Women, according to the patriarchal mind-set, are obliged to comply to and transmit cultural values to different generations. The setting of the first shot of the advertisement is home in a conspicuous dominance of black and white color; this hints at the past and traditions that are primarily nourished and inculcated in the domestic sphere. If traditional gender roles prescribe the binary opposition of private and public spaces, and if the mother is contained in the domestic sphere of the home in the first part of the advertisement, McDonalds endows young people (especially young girls) with the freedom to encroach into the male-dominated cafés and restaurants. There, they are allowed to transgress the haremization pinned on them in phallocentric society and discourses. Furthermore, it can be elucidated that there is a paradoxical juxtaposition of the private space, the home, with the public one, the street.
Ten years later, to the astonishment of the viewer, the boy has grown up and recursively perpetuated his mother advice, which is conveyed through a voice over technique. He is alone in the street and disregards any attempt to communicate with his co-nationals. This avoidance of communication invitations implies an American individualization that starts to seep into the fabric of a supposedly collectivist Moroccan society. Surprisingly enough, the facial features and readiness to responsively communicate when asked about “a place to eat in for a reasonable price” are disclosed (Fig2).

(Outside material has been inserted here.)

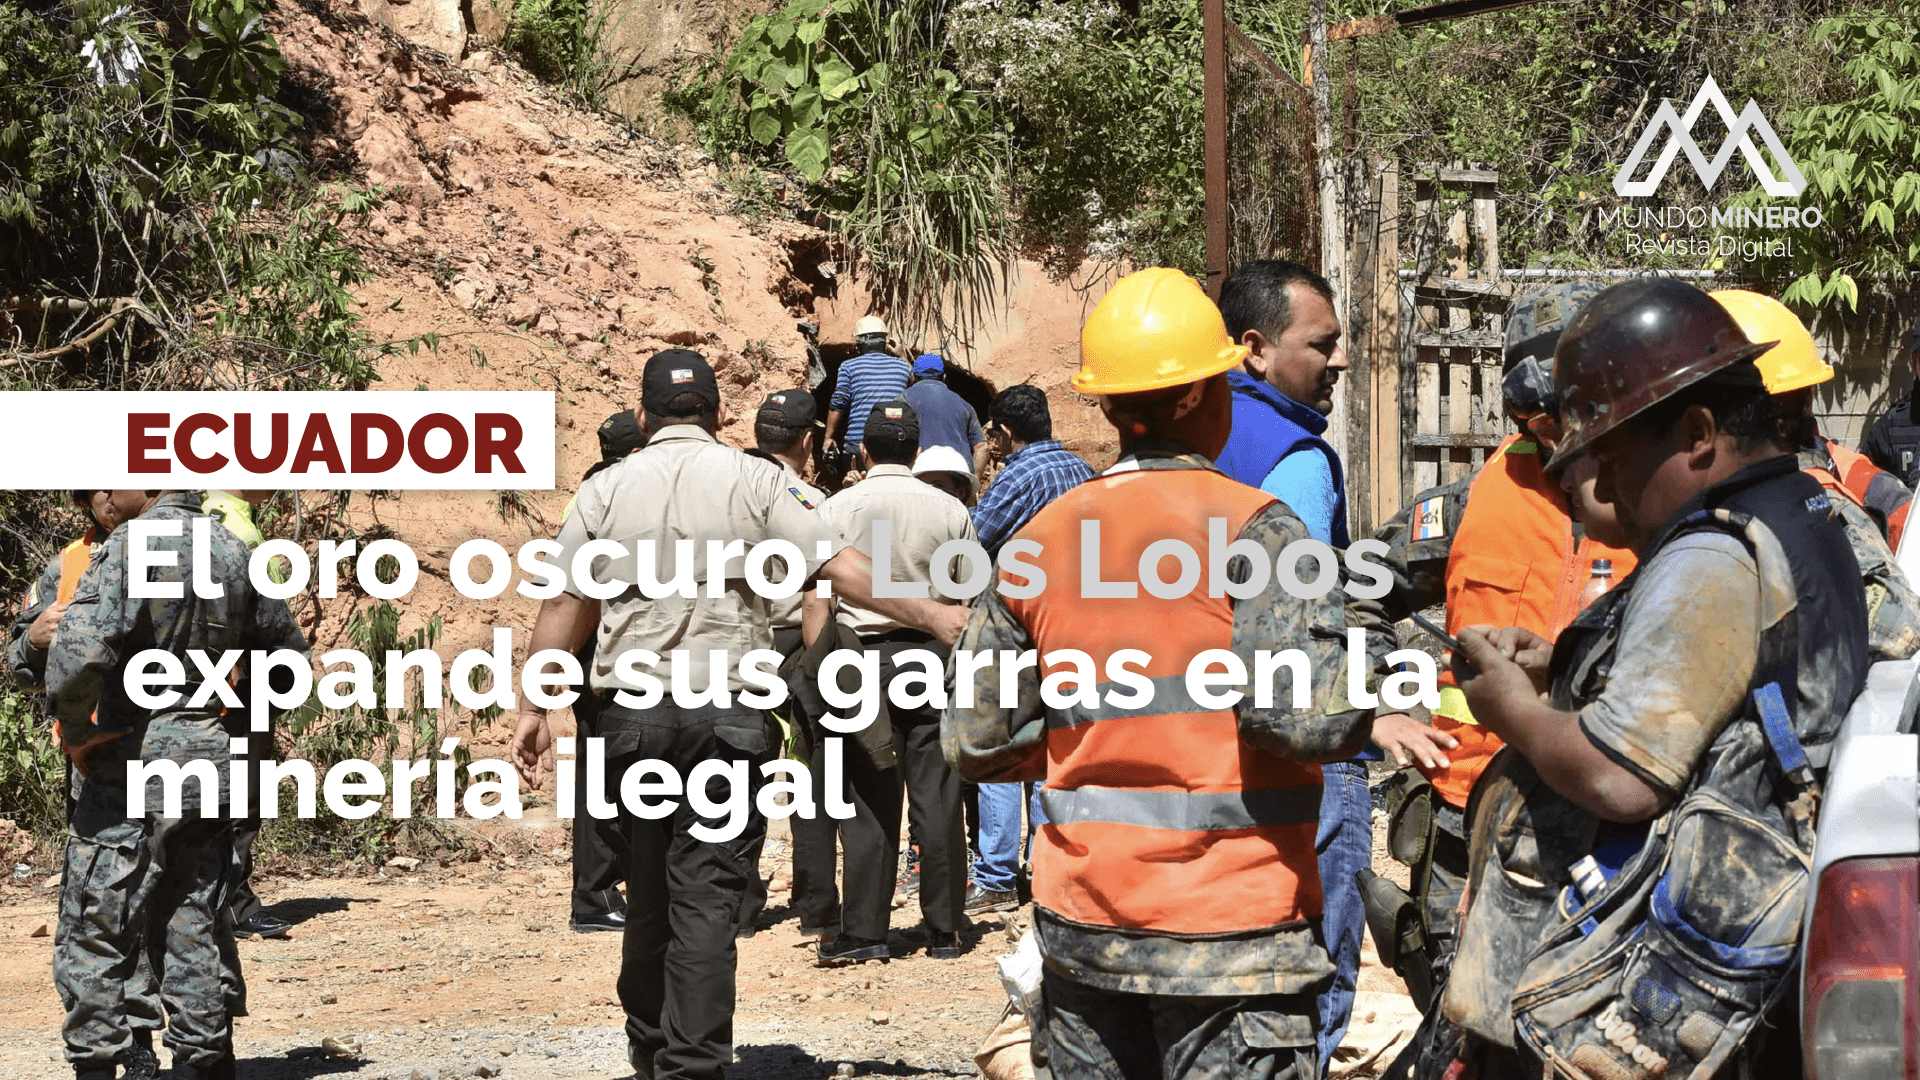 Mundo Minero - El oro oscuro - Los Lobos expande garras minería ilegal

The instant answer that resides at the tip of the tongue of the youngster is “McDonalds” that is reminiscent of the “M” his mother recommended to him in his childhood. One can infer that children are brought up on the reverence of the American cultural values and lifestyles.
Indeed, we can safely argue that McDonalds around the world exemplify Marshal McLuhan’s “global village.” McDonalds are not only to be found in the elite bourgeois-based centres, but they also extend to the previous so-called peripheries (Salé city, as an example). This is to say that brands and advertisements tend and urge people to eat alike, think alike, and, importantly, be alike. This likeness hegomincally ought to be in an Americo-centric fashion. McDonalds procures and inspires youth to be happy so much that happiness and positiveness are to be solely sought in McDonalds. Contrary to public belief, McDonalds provides cheap, varied menus ranging from chicken burgers to cheeseburgers at very low prices.

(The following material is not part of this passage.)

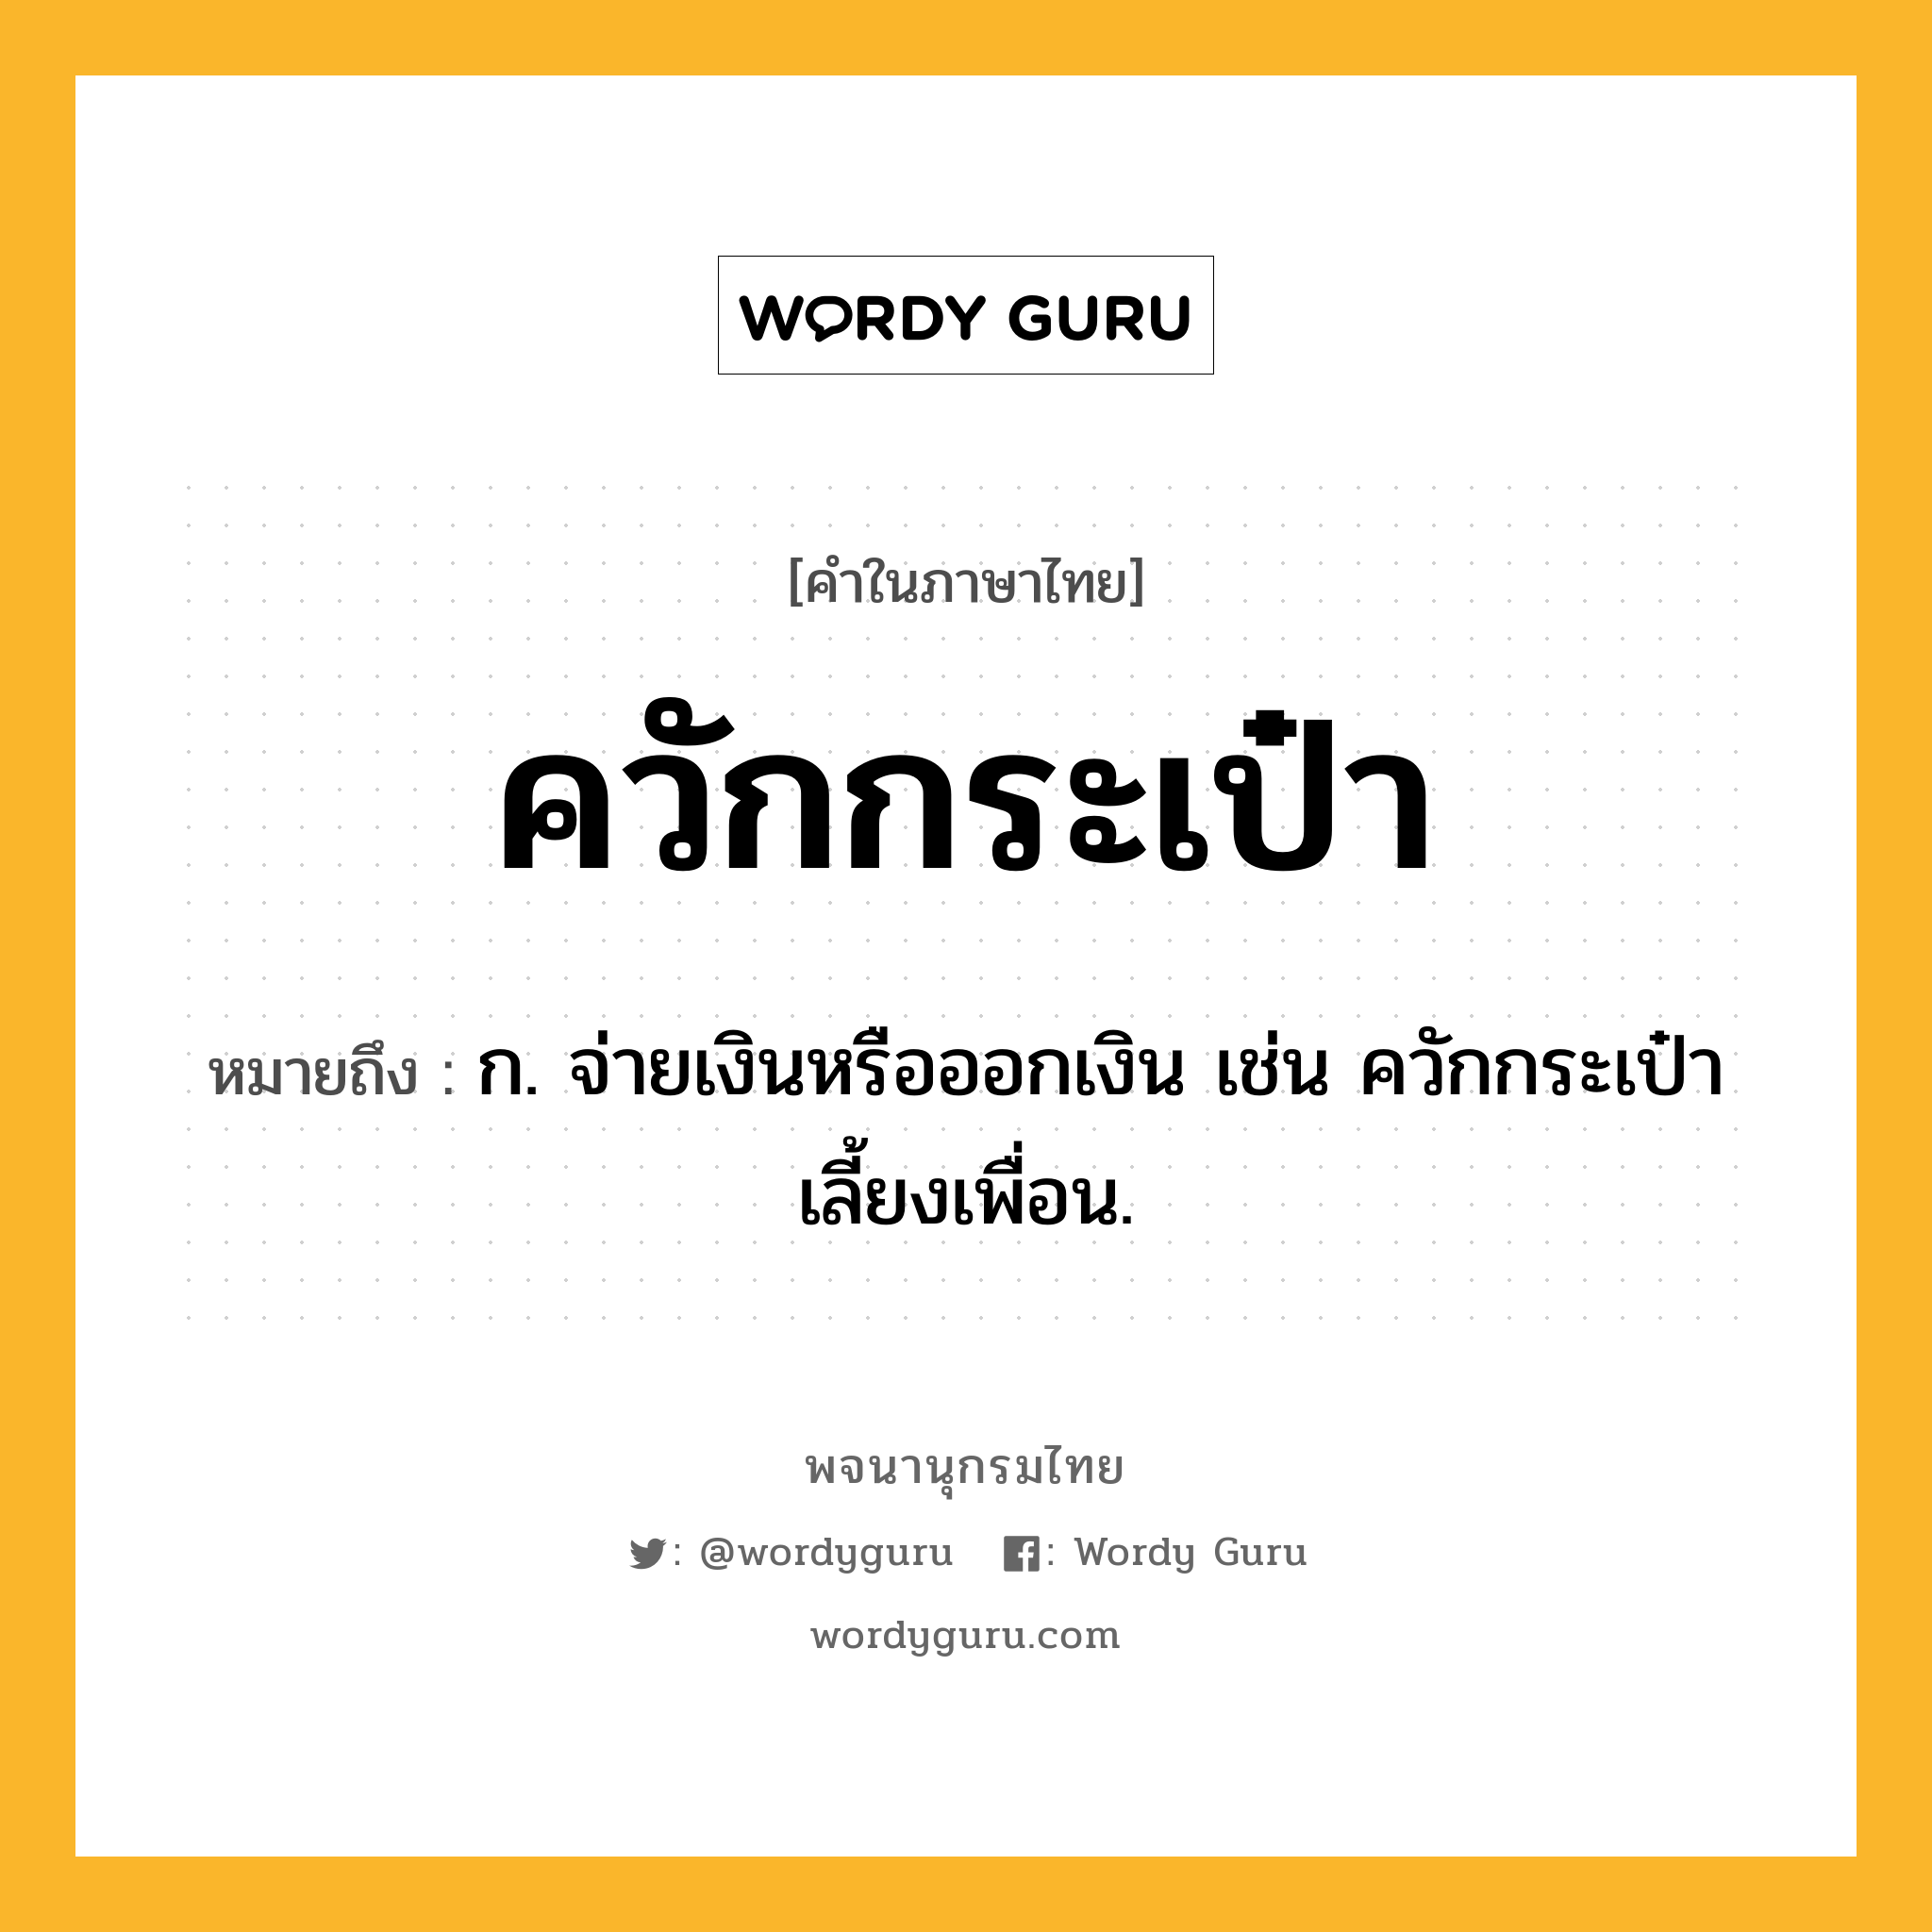 ควักกระเป๋า หมายถึงอะไร?, คำในภาษาไทย ควักกระเป๋า หมายถึง ก. จ่ายเงินหรือออกเงิน เช่น ควักกระเป๋าเลี้ยงเพื่อน.

The advertised product is significantly called “menu mabrouk”: two languages and cultures are fused in this appellation. The epithet “mabrouk” refers to a traditional cultural belief of Moroccan people which is dubbed “el baraka.” This restaurant not only affords cheap products in a modernized space that brings about happiness and joy, but it also bestows blessings on those who frequent it. In McDonalds, one can find “all that you love,” including girlfriends and boyfriends. The advertisement showcases two couples that are apparently satisfied and happy. One of them has headphones in a reference to a musical culture that globalization has been instituting (Fig 3).

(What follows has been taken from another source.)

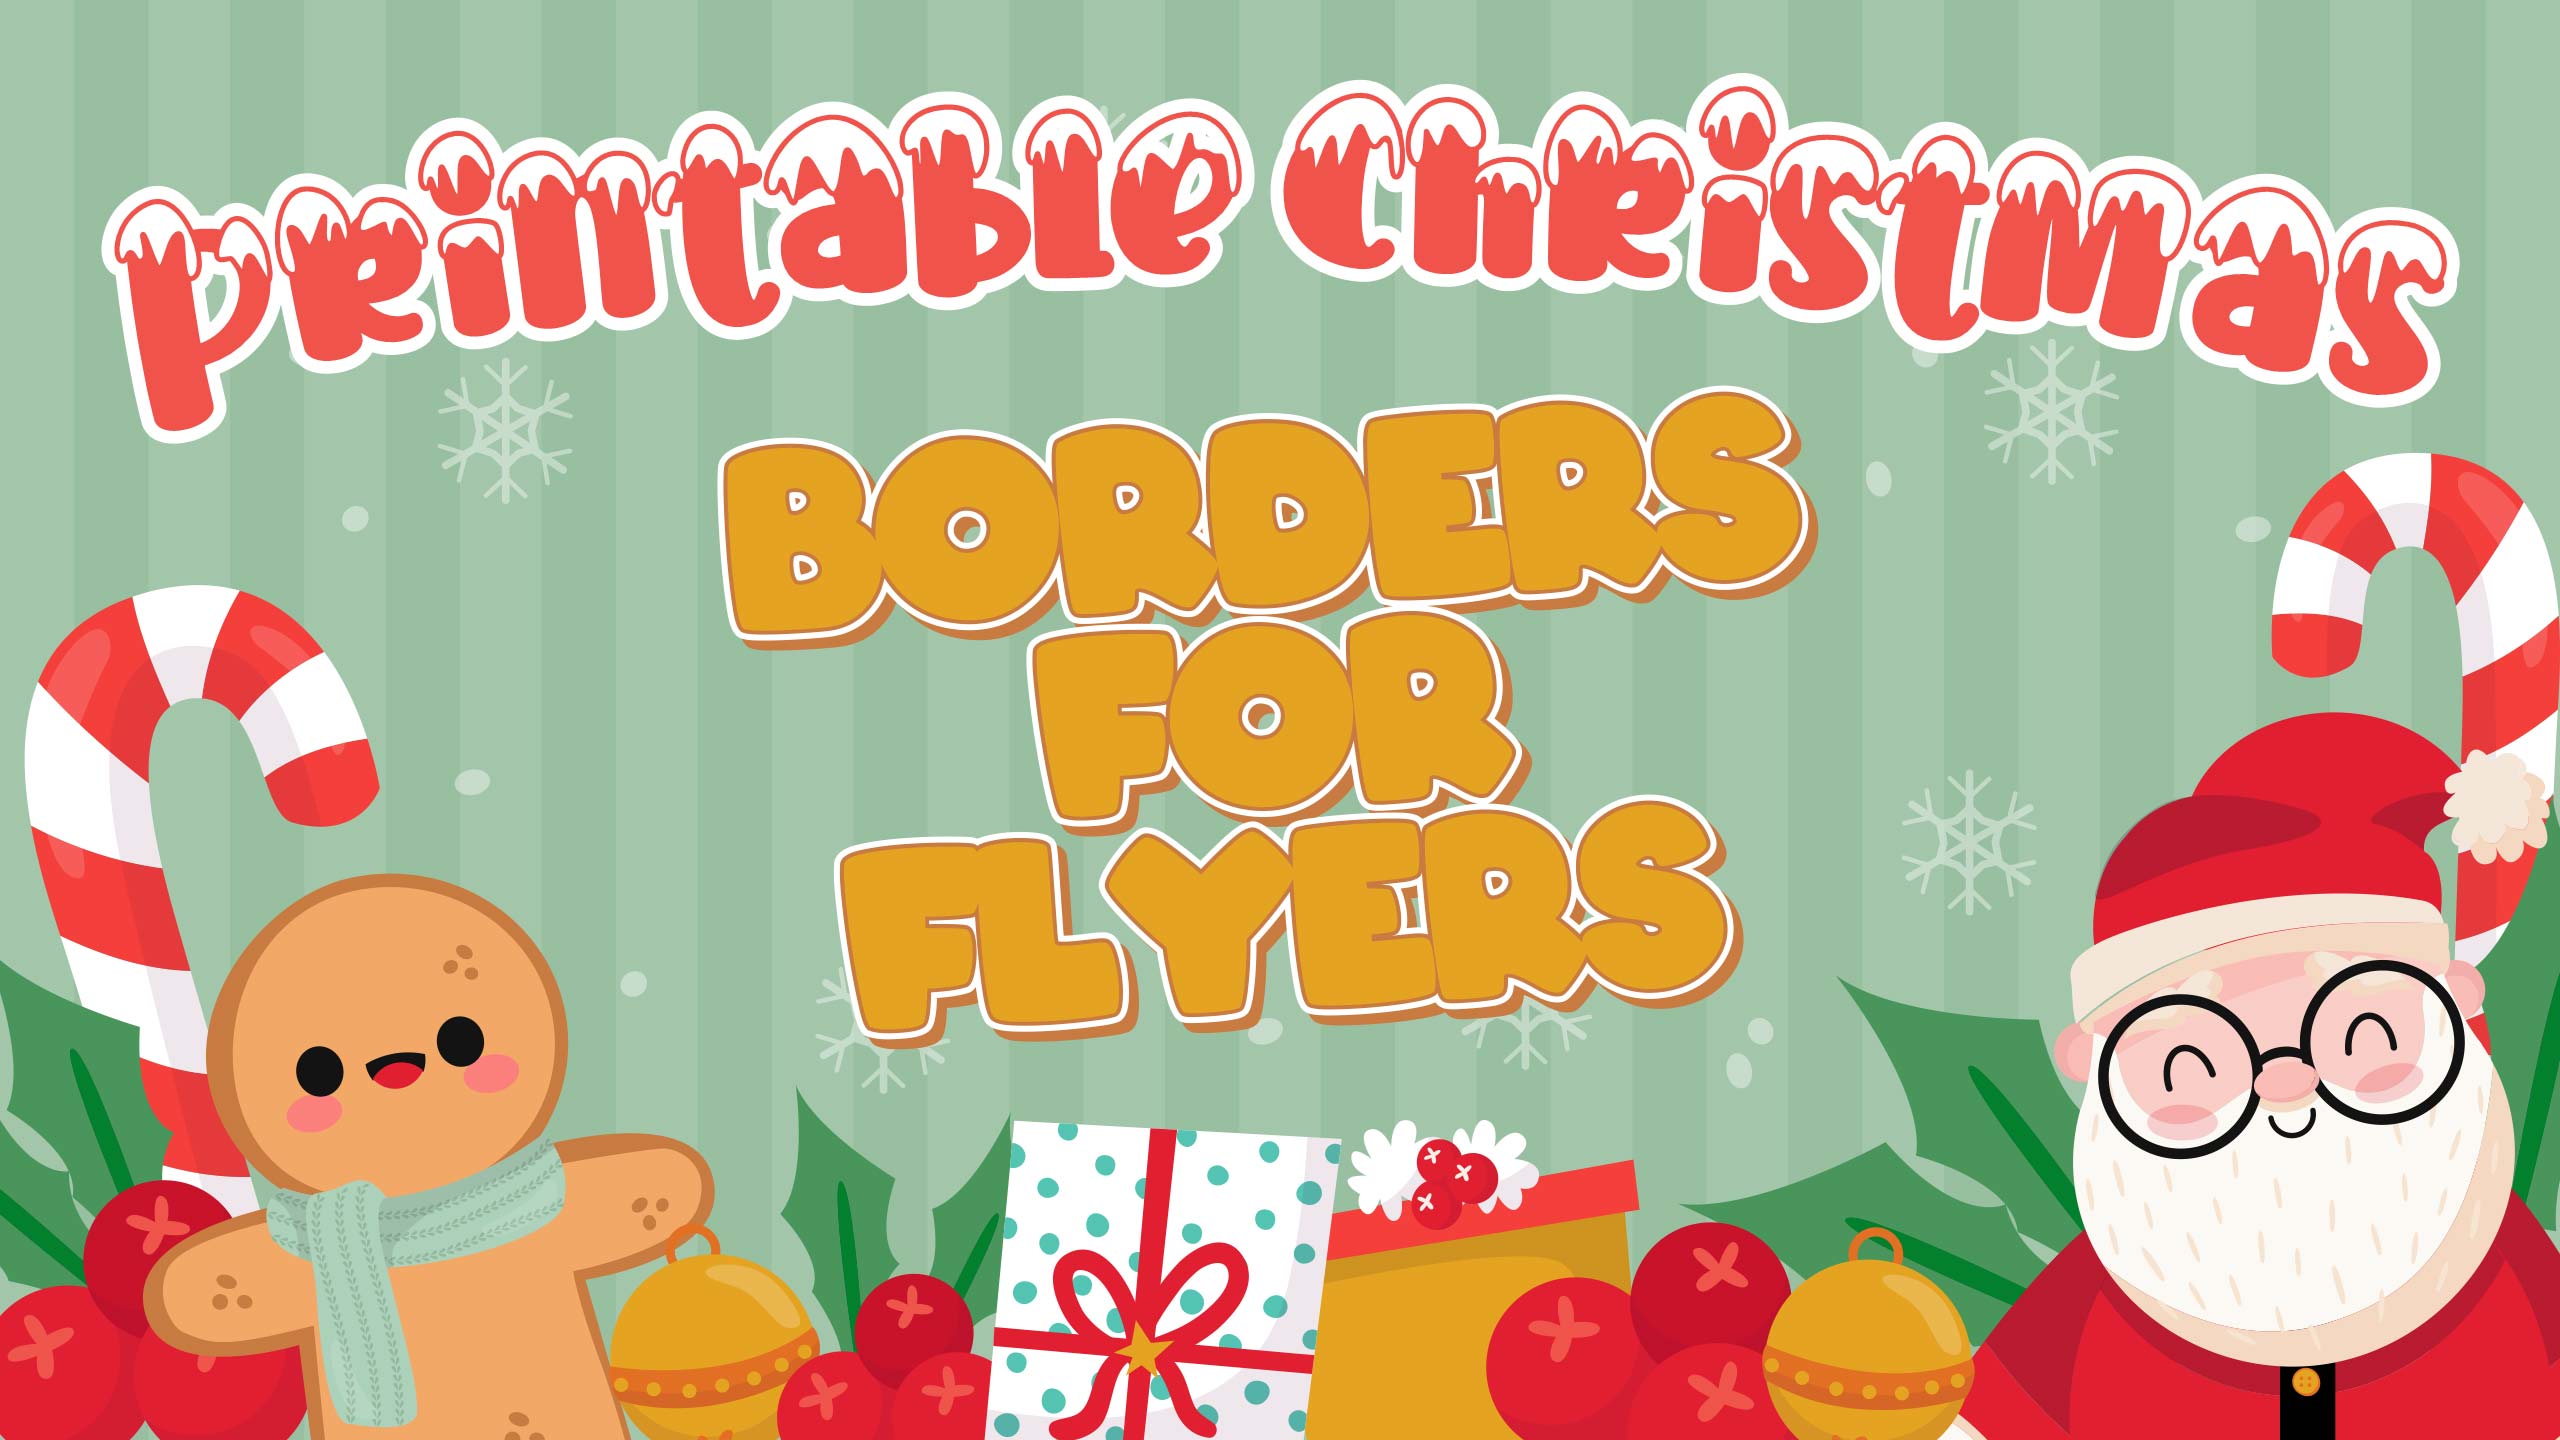 Printable Christmas Borders For Flyers

A young waitress is apparently cheerful and happy to serve her peers. The choice of the youth is not a random one. The globalizing/Americanizing ideology targets the youth for two main purposes: their inexperience and immaturity, and their fragility to any cultural alienation—though this fragility is necessary to ensure a future dominance of American cultural values and conception. Semiotically speaking, two colors predominate the technicolor parts of the ad: red and yellow. The former signifies love and romance, while the second symbolizes jealousy and zeal. McDonalds is the ideal space to “enjoy sweet moments.”
Advertising, as a matter of fact, promotes marketability of products and, importantly, drives representation on cultures, identities and the creation of meaning.